I'm not understanding the question, really. How will Ozuna handle center field as a starting position player? Well, his offensive game is still raw. Ozuna failed to show the power in the majors that made him an interesting prospect in the minors. He hit 23 and 24 home runs in 2011 and 2012 respectively, but only mustered three in 291 plate appearances in the bigs last year. Once the well dried out on the BABIP, the batting line fell without any power behind it.

Ozuna will have to work hard at the plate next year to combine that vaunted power with the rest of the skills he showed last season. The one benefit that was evident was that his strikeout rate was at least not astronomical as expected. Ozuna's strikeouts had been falling in each of the last two minor league seasons, down to a respectable 21.5 percent in High-A. That rate dipped to just 19.0 percent in the majors, which is a great boon to Ozuna. If and when the power arrives, the strikeouts that were once the scariest part of his game may not sink his batting line.

But next year, it is not likely that it will all come together for Ozuna offensively. Steamer projects an acceptable 19.8 percent strikeout rate and .282 BABIP along with a .156 ISO, all reasonable numbers for him that hover close to his work from last season. Even with the power improvement (expected to hit 15 home runs in 559 plate appearances), his line is only a paltry .249/.296/.405 (.306 wOBA). His shifty plate discipline, always a problem in the minors, is expected to continue in his second big league year and should sink his OBP.
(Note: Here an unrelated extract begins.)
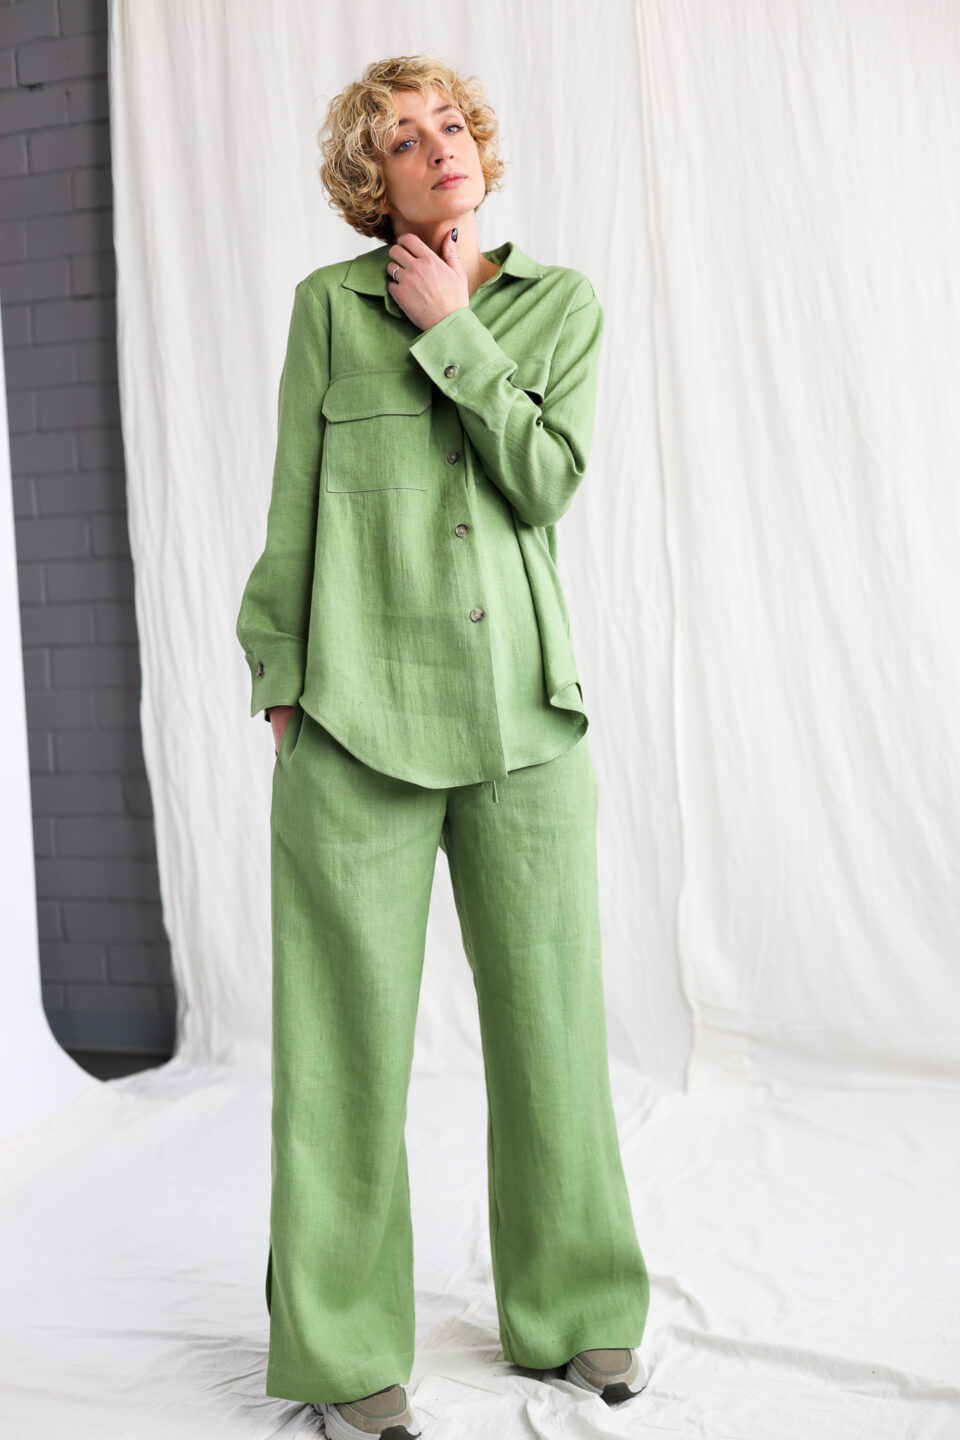 Linen oversized shirt and elasticated waist pants suit | Suit | Foliage | Sustainable clothing | OffOn clothing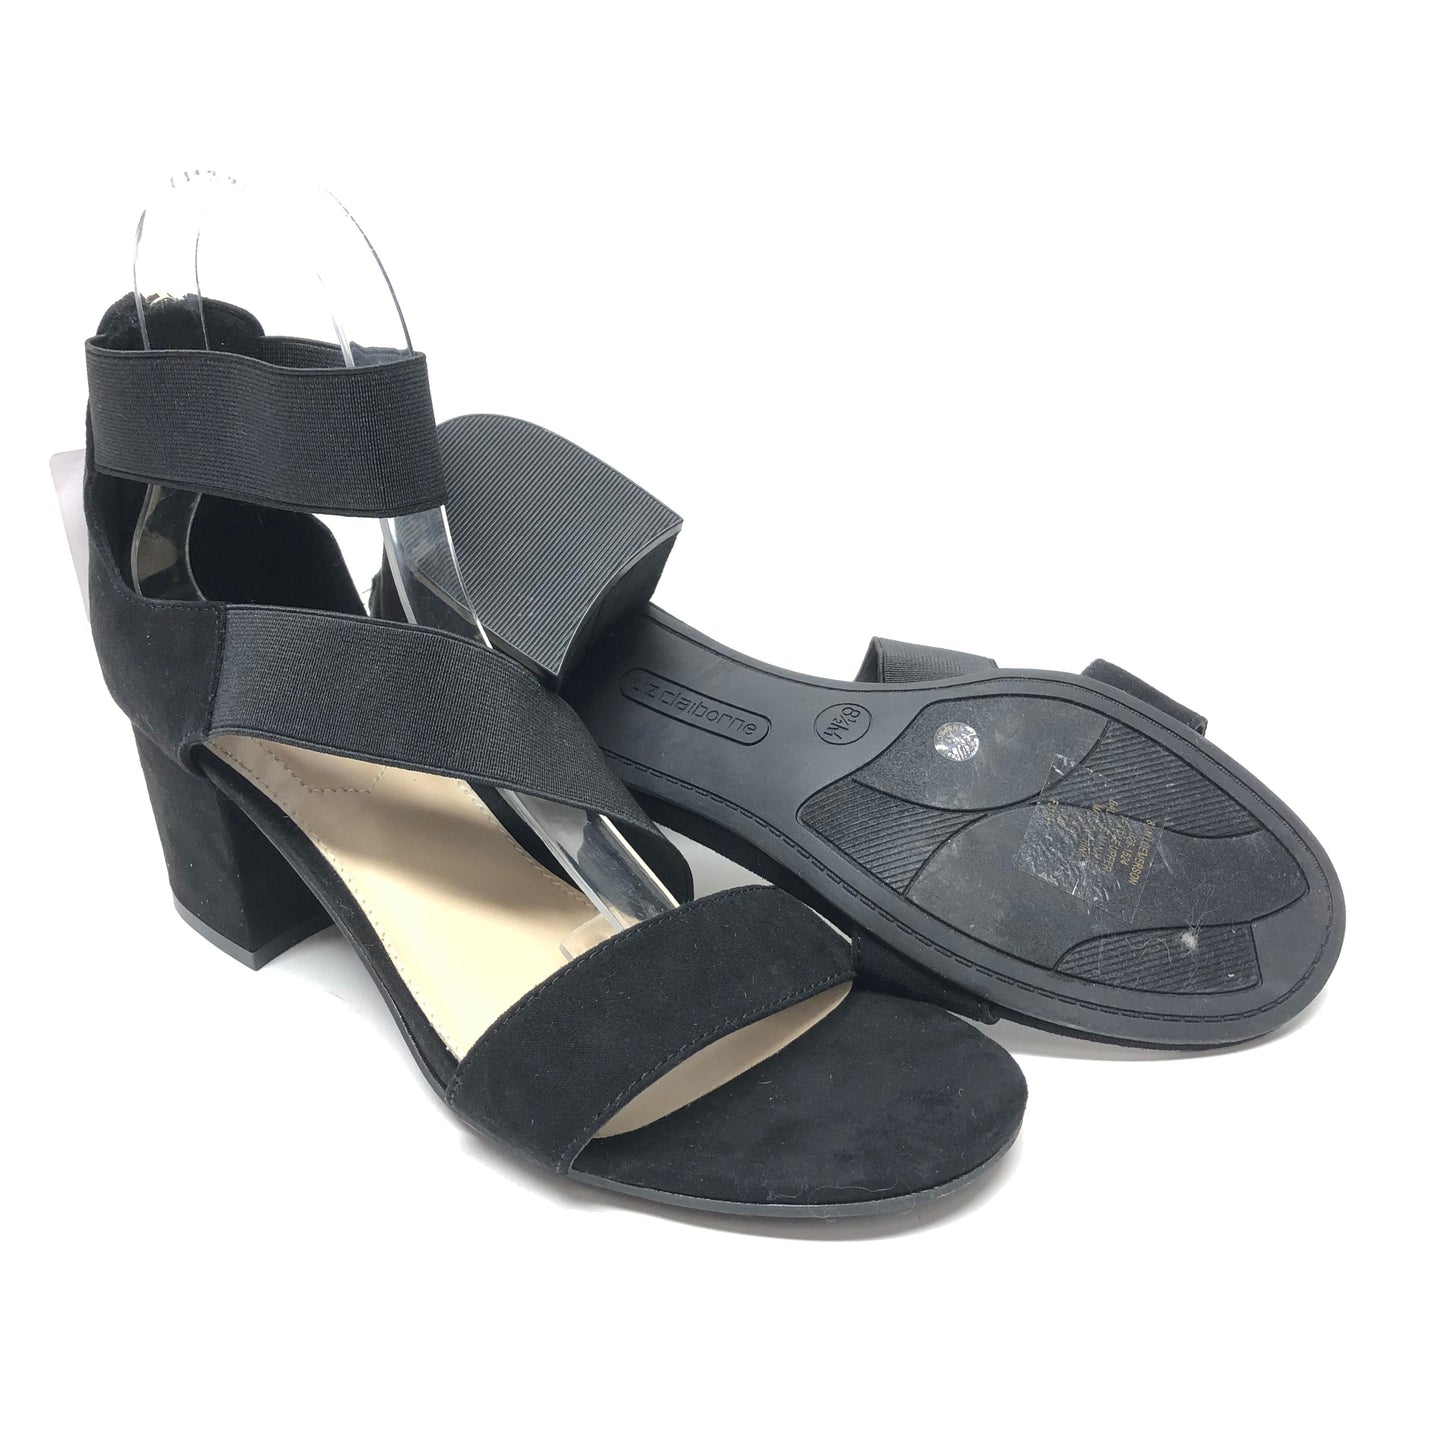 Black Sandals Heels Block Liz Claiborne, Size 8.5

But the offensive questions were well known. Whether Ozuna can handle center field defensively, on the other hand, probably should not be questioned. Last season, Ozuna put up likely the best individual defensive season on the Marlins. By UZR, Ozuna recorded 10 runs above average last year. DRS believes his work in right field was suspect, but it still rated him two runs better than average overall split between right and center field. In the minors, Ozuna was known mostly for his cannon arm, but last season he showed a good deal of athleticism that made it seem as though he could handle the position long-term. Jake Marisnick is the better long-term option defensively, and Ozuna's arm does fit quite well in right field, where it is maximized. But Ozuna's play last season should leave the Marlins more confident than they could have expected.

It is important to remember that Ozuna never got to play the Double-A level for a full season. Much like Jose Fernandez, the Fish threw him into the fire last year, and he did the best he could and held his own. If his defense continues to play decently in the majors, the Fish will have another athletic outfield option in their arsenal in case of Giancarlo Stanton emergency.